La Agencia Estatal de Meteorología (Aemet) ha activado el aviso amarillo para Castellón y Valencia este lunes 29 de junio. Se prevén chubascos intensos, tormentas fuertes y granizo en zonas del interior norte valenciano y sur castellonense. Los acumulados podrían alcanzar 20 litros/m² por hora. Las temperaturas seguirán altas: hasta 33 °C en gran parte del territorio. Esta inestabilidad forma parte de una secuencia de tres días consecutivos con riesgo meteorológico significativo.
¿Por qué ha activado Aemet el aviso amarillo este lunes?
El aviso amarillo responde a una combinación crítica: calor extremo y humedad acumulada en capas bajas de la atmósfera. Esto favorece la formación rápida de nubosidad de evolución diurna, especialmente en el Rincón de Ademuz, zona con alta orografía y vulnerabilidad a descargas eléctricas y granizo. La Aemet señala que los chubascos serán breves pero intensos, con riesgo de riadas urbanas y deslizamientos en zonas montañosas.
¿Qué zonas están más expuestas al riesgo?
- El interior norte de Valencia, especialmente los municipios de Requena, Utiel y Chelva.
- El sur de Castellón, con foco en Morella, Vinaròs y la comarca del Baix Maestrat.
- El Rincón de Ademuz, enclave administrativo valenciano rodeado por Castilla-La Mancha y Aragón, con alta sensibilidad a eventos convectivos.
¿Qué implica la persistencia de chubascos durante tres días consecutivos?
Tres jornadas seguidas de inestabilidad convectiva no son habituales en pleno junio. Este patrón refleja una bloqueo atmosférico débil que mantiene una vaguada fría en altura sobre la Península. Su interacción con la masa cálida del Mediterráneo genera energía suficiente para tormentas repetitivas. Desde el punto de vista operativo, esto exige coordinación entre Protección Civil, Emergencias 112 y los ayuntamientos para activar planes de riesgo de inundación y gestión de cauces.
¿Cómo afecta esto al sector agrícola y turístico?

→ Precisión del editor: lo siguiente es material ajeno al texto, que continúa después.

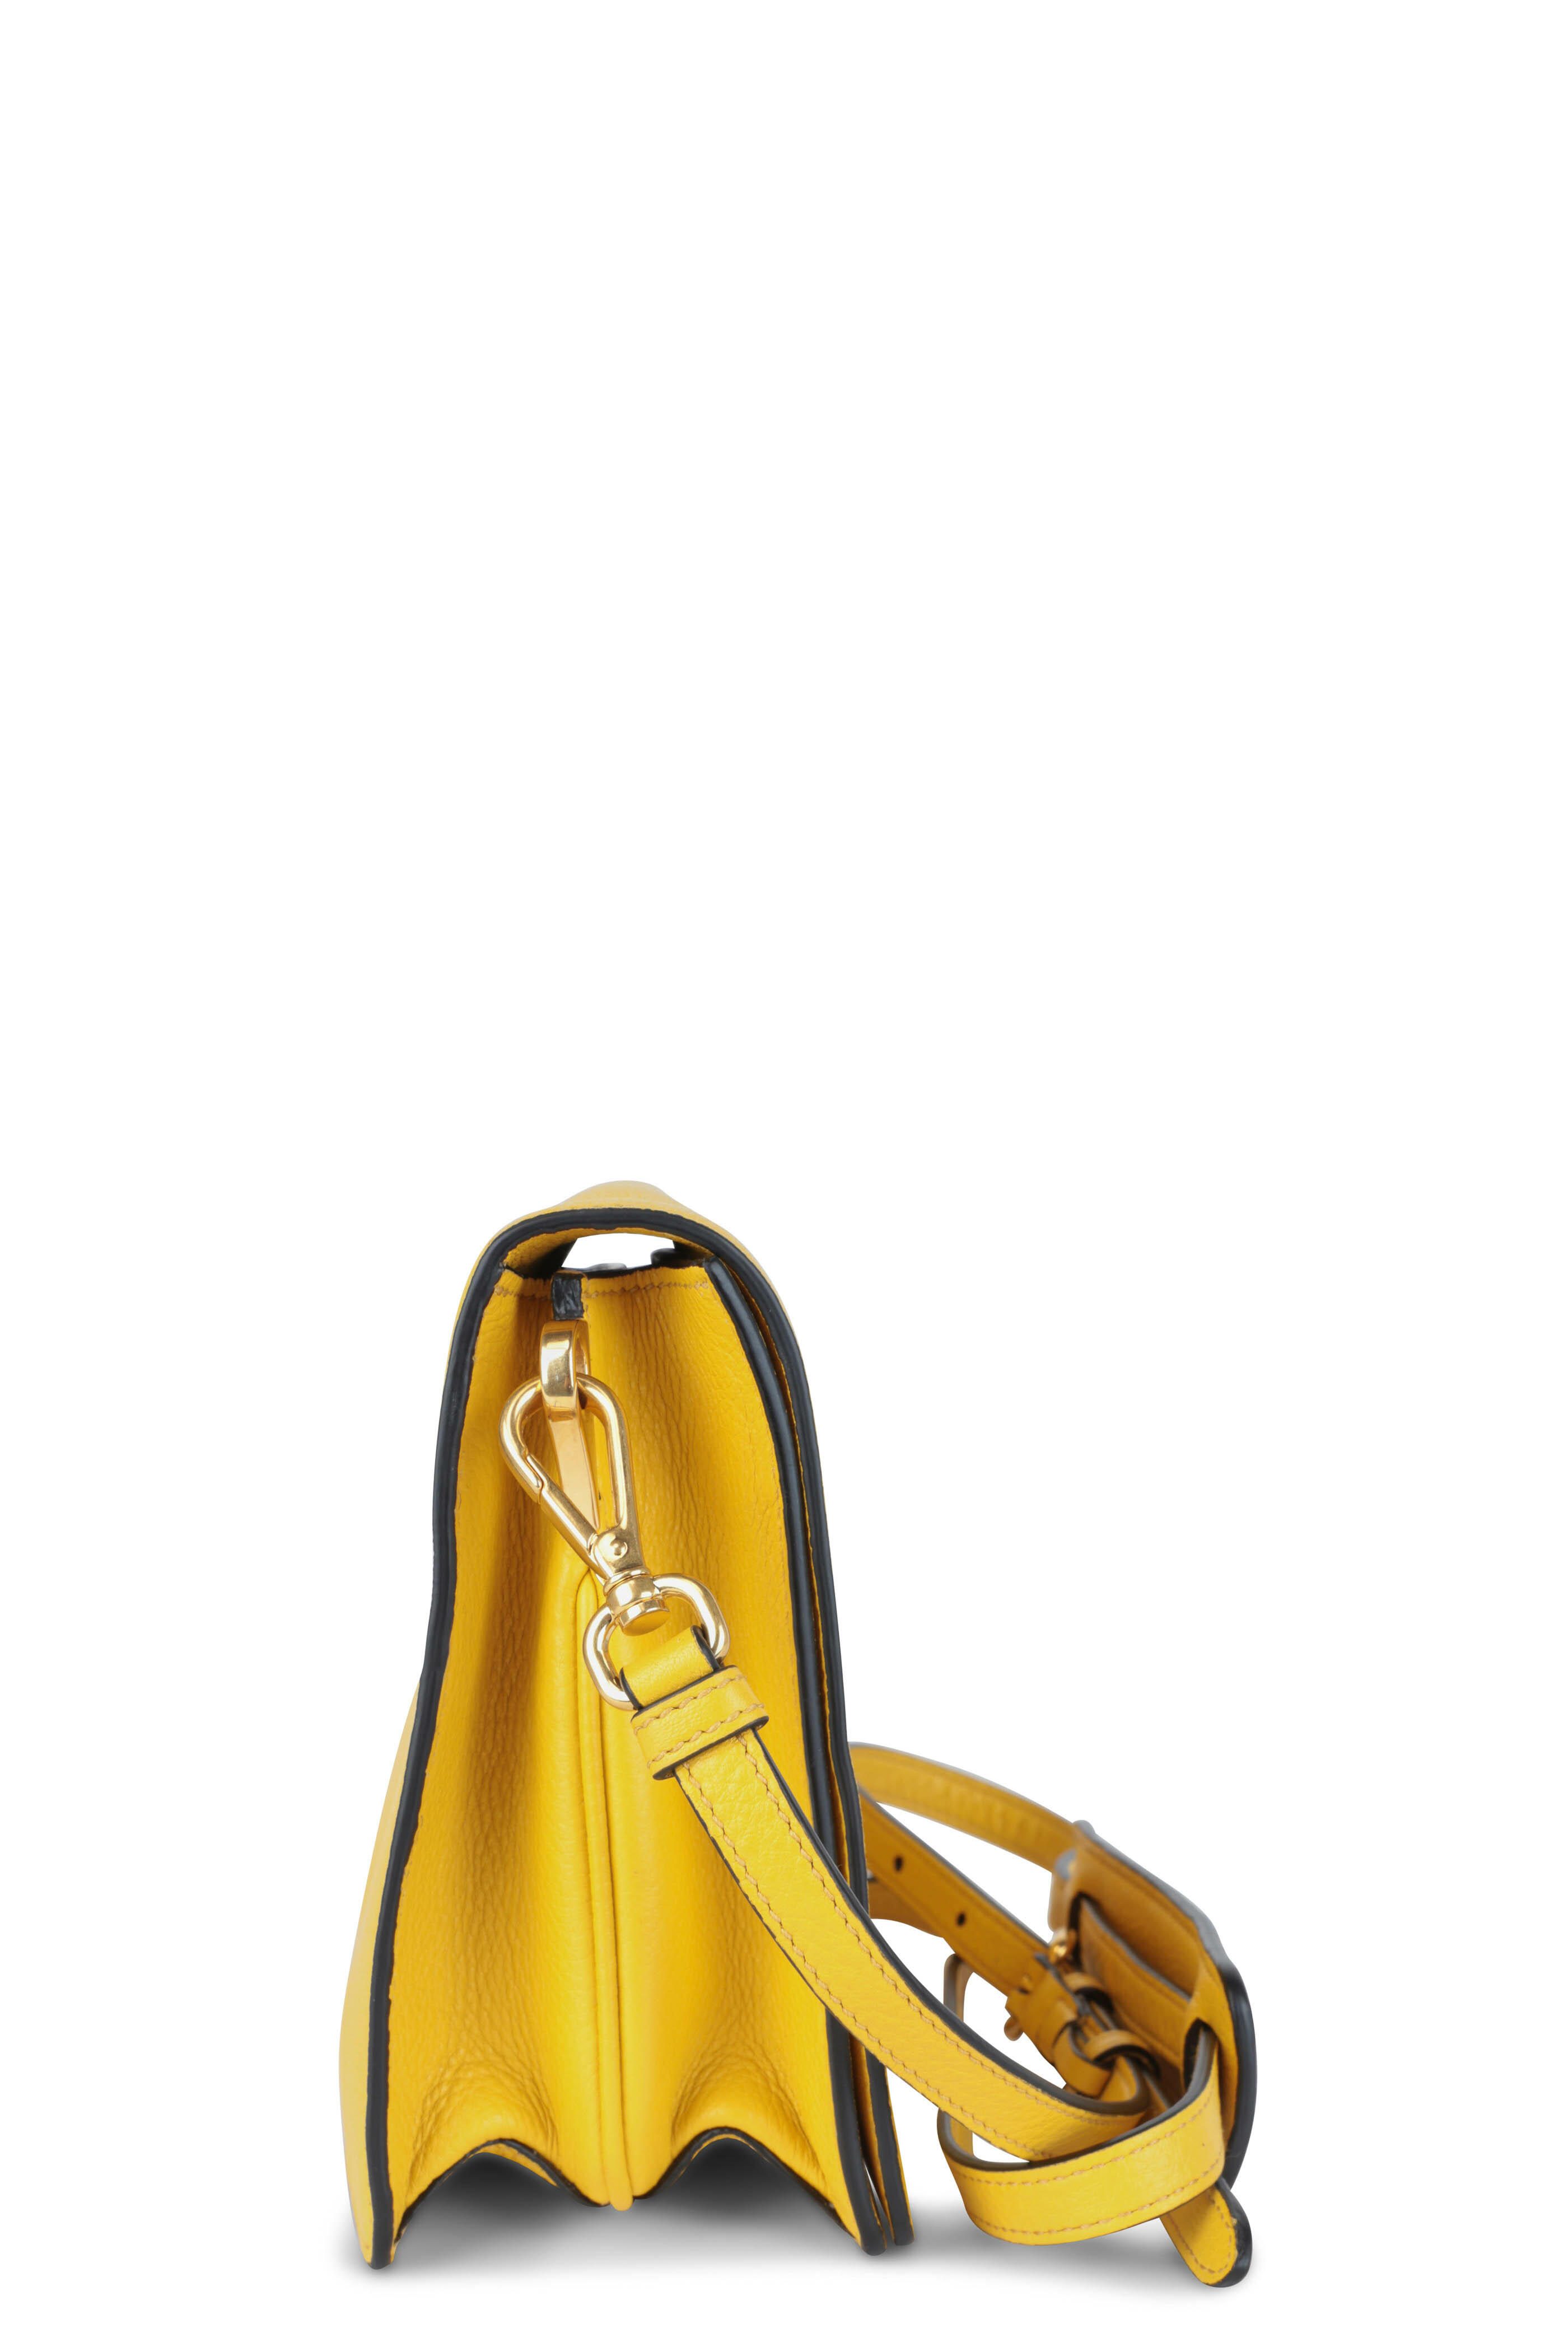 Prada - Yellow Leather Crossbody Bag

El impacto económico es inmediato. En el sector agrícola, el granizo puede destruir cultivos de frutales, hortalizas y viñedos en plena fase de maduración. En el turismo costero, las tormentas diurnas no afectan directamente las playas, pero sí generan cancelaciones en actividades náuticas y rutas de senderismo. Además, los avisos reducen la demanda en zonas rurales y de interior, clave para el turismo sostenible.
¿Qué marco legal regula la respuesta ante estos avisos?
El Plan Nacional de Protección Civil ante Riesgos Meteorológicos Adversos (PNPRA) establece protocolos obligatorios para ayuntamientos y diputaciones. La activación del aviso amarillo exige la puesta en marcha de planes municipales de emergencia, incluyendo la señalización de zonas de riesgo y la suspensión de actividades al aire libre en centros educativos. Además, la Ley 2/2012 de Cambio Climático de la Comunitat Valenciana obliga a integrar estos escenarios en los planes de adaptación local.
¿Qué medidas prácticas deben adoptar los ciudadanos?
- Evitar zonas bajas, ramblas y cauces secos durante las horas centrales del día.
- No circular con vehículos por calles inundadas: 15 cm de agua pueden desestabilizar un turismo.
- Desconectar aparatos eléctricos ante proximidad de descargas eléctricas.
- Consultar las actualizaciones oficiales en la web de la Aemet o la app AlertCops.
¿Qué sucede el martes y miércoles?
El martes 30 de junio mantendrá el patrón: chubascos vespertinos en el interior de Castellón, con riesgo de tormentas localmente fuertes. El miércoles 1 de julio, aunque se prevé cierta atenuación, no se descarta actividad convectiva en zonas de montaña. La Aemet advierte que la inestabilidad podría reactivarse a partir del jueves si persiste la humedad en capas medias.
Datos Clave
- El aviso amarillo está activo desde las 12:00 hasta las 21:00 horas del lunes 29 de junio.
- Se esperan acumulados de 20 mm/hora, especialmente en el Rincón de Ademuz.
- Las temperaturas máximas oscilarán entre 31 °C y 33 °C, con descensos puntuales en el sur de Valencia.
- El riesgo de granizo y descargas eléctricas es alto en zonas de orografía abrupta.
- La secuencia forma parte de un patrón de inestabilidad convectiva prolongada, vinculado al cambio climático.
- El PNPRA y la Ley 2/2012 obligan a respuestas coordinadas y adaptativas en todos los niveles administrativos.